Sie beantragt, die Klage unter teilweiser Abänderung des angefochtenen Urteils gänzlich abzuweisen.
Die Klägerin beantragt, die Berufung der Beklagten zurückzuweisen.
Die Klägerin verteidigt das Urteil des AG und hat Anschlussberufung mit dem Antrag erhoben, die Beklagte zu verurteilen, an sie auch für die Monate August und September (gemeint: 2006) monatlichen Kindesunterhalt von 207,07 EUR sowie von den für die Zeit ab Februar 2006 ausgeurteilten Unterhaltsbeträgen Zinsen zu zahlen i.H.v. 5 Prozentpunkten über dem Basiszins seit dem Ersten des Monats, für den die monatlichen Unterhaltsbeträge jeweils zu entrichten sind.
Der Senat hat ihr insoweit Prozesskostenhilfe bewilligt für den Antrag, die Beklagte zu verurteilen, auch für August 2006 einen Kindesunterhalt von 207,07 EUR sowie von den für die Zeit ab Februar 2006 ausgeurteilten Unterhaltsbeträgen Zinsen i.H.v. 5 Prozentpunkten über dem Basiszinssatz seit dem 2. der Monate ab Februar 2006 zu zahlen. Die Klägerin hat ihren Antrag hieran angepasst. Die Parteien haben den Rechtsstreit übereinstimmend in der Hauptsache für erledigt erklärt, soweit die Beklagte mit der Anschlussberufung für September 2006 einen über 131,85 EUR hinausgehenden Kindesunterhalt verlangt hat.
Die Beklagte beantragt, die Anschlussberufung zurückzuweisen.
II. Die zulässige Berufung der Beklagten und die Anschlussberufung der Klägerin sind in dem aus der Entscheidungsformel ersichtlichen Umfange begründet.

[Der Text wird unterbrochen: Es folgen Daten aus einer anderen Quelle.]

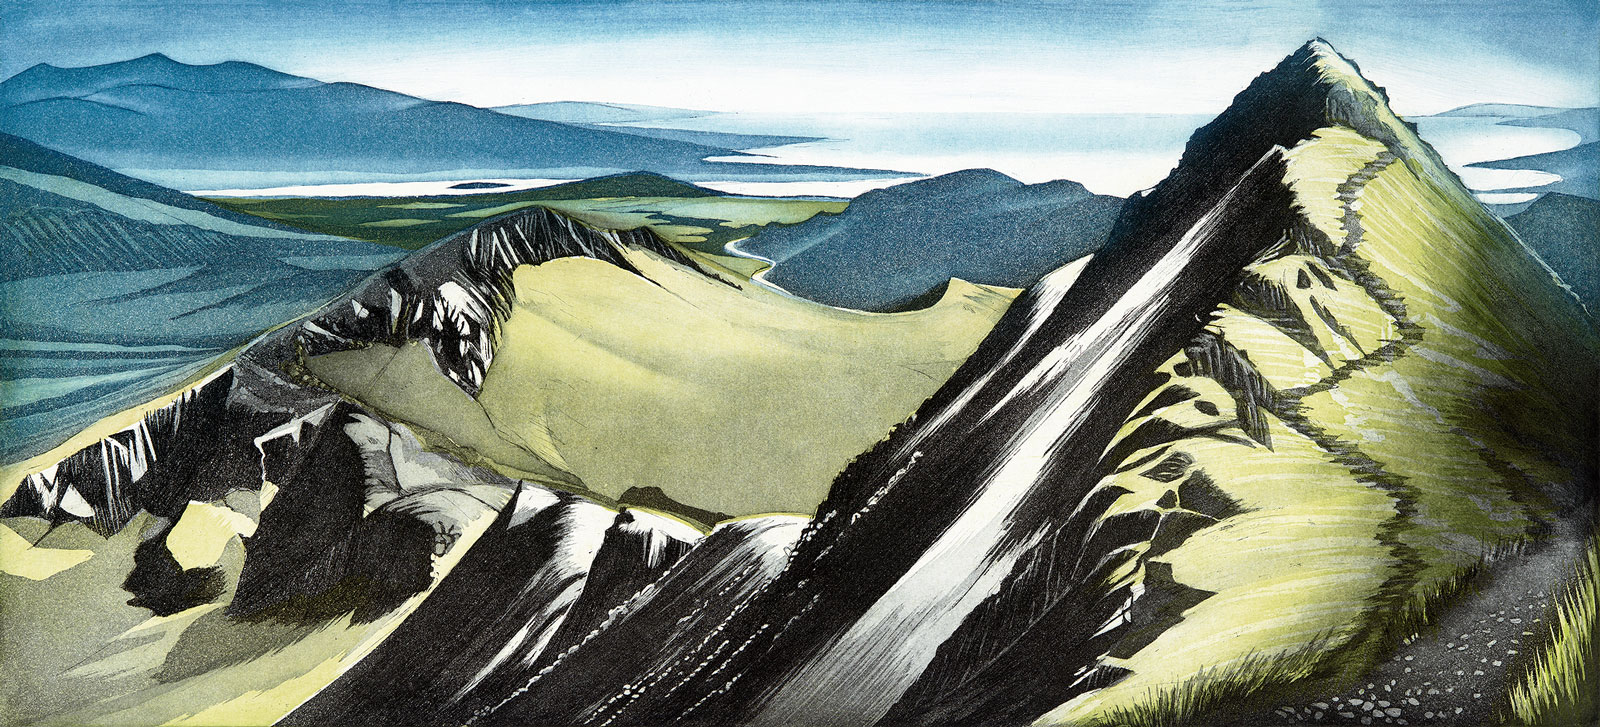 'High in the Hills' by Morna Rhys

1. Der Bedarf der Klägerin beträgt für den Streitzeitraum monatlich 640 EUR. Der Senat hat bereits entschieden (Prozesskostenhilfebeschluss vom 23.6.2003 - 9 UF 137/02), dass ein Auszubildender mit Blick auf die Zahlung eines monatlichen Betrages von 150 DM für Kost und Logis an den "Stiefgroßvater" einem volljährigen Kind mit eigenem Hausstand (Anm. 7 Abs. 2, S. 2 zur sog. Düsseldorfer Tabelle) gleich zu setzen ist. Für Kürzungen ist insoweit kein Raum, weil es dem Auszubildenden - innerhalb des ihm zustehenden Betrages - frei steht, die Mittel nach seinem Belieben zu verwenden. Etwaige zusätzliche Leistungen des "Stiefgroßvaters" oder hier der früheren Pflegeeltern sind als freiwillige Zuwendungen eines Dritten zu bewerten, die im Zweifel nicht der Entlastung des Unterhaltspflichtigen zu dienen bestimmt sind. Das betrifft im Streitfall vor allem das Entgegenkommen der Pflegeeltern, der Klägerin von ihrer Ausbildungsvergütung noch kein "Kostgeld" abzuverlangen, sondern die tatsächlichen Zahlungen der Beklagten abwarten zu wollen und - soweit diese zu erlangen sind - dann auch rückwirkend ab Januar 2006 zu fordern. Rechtlic...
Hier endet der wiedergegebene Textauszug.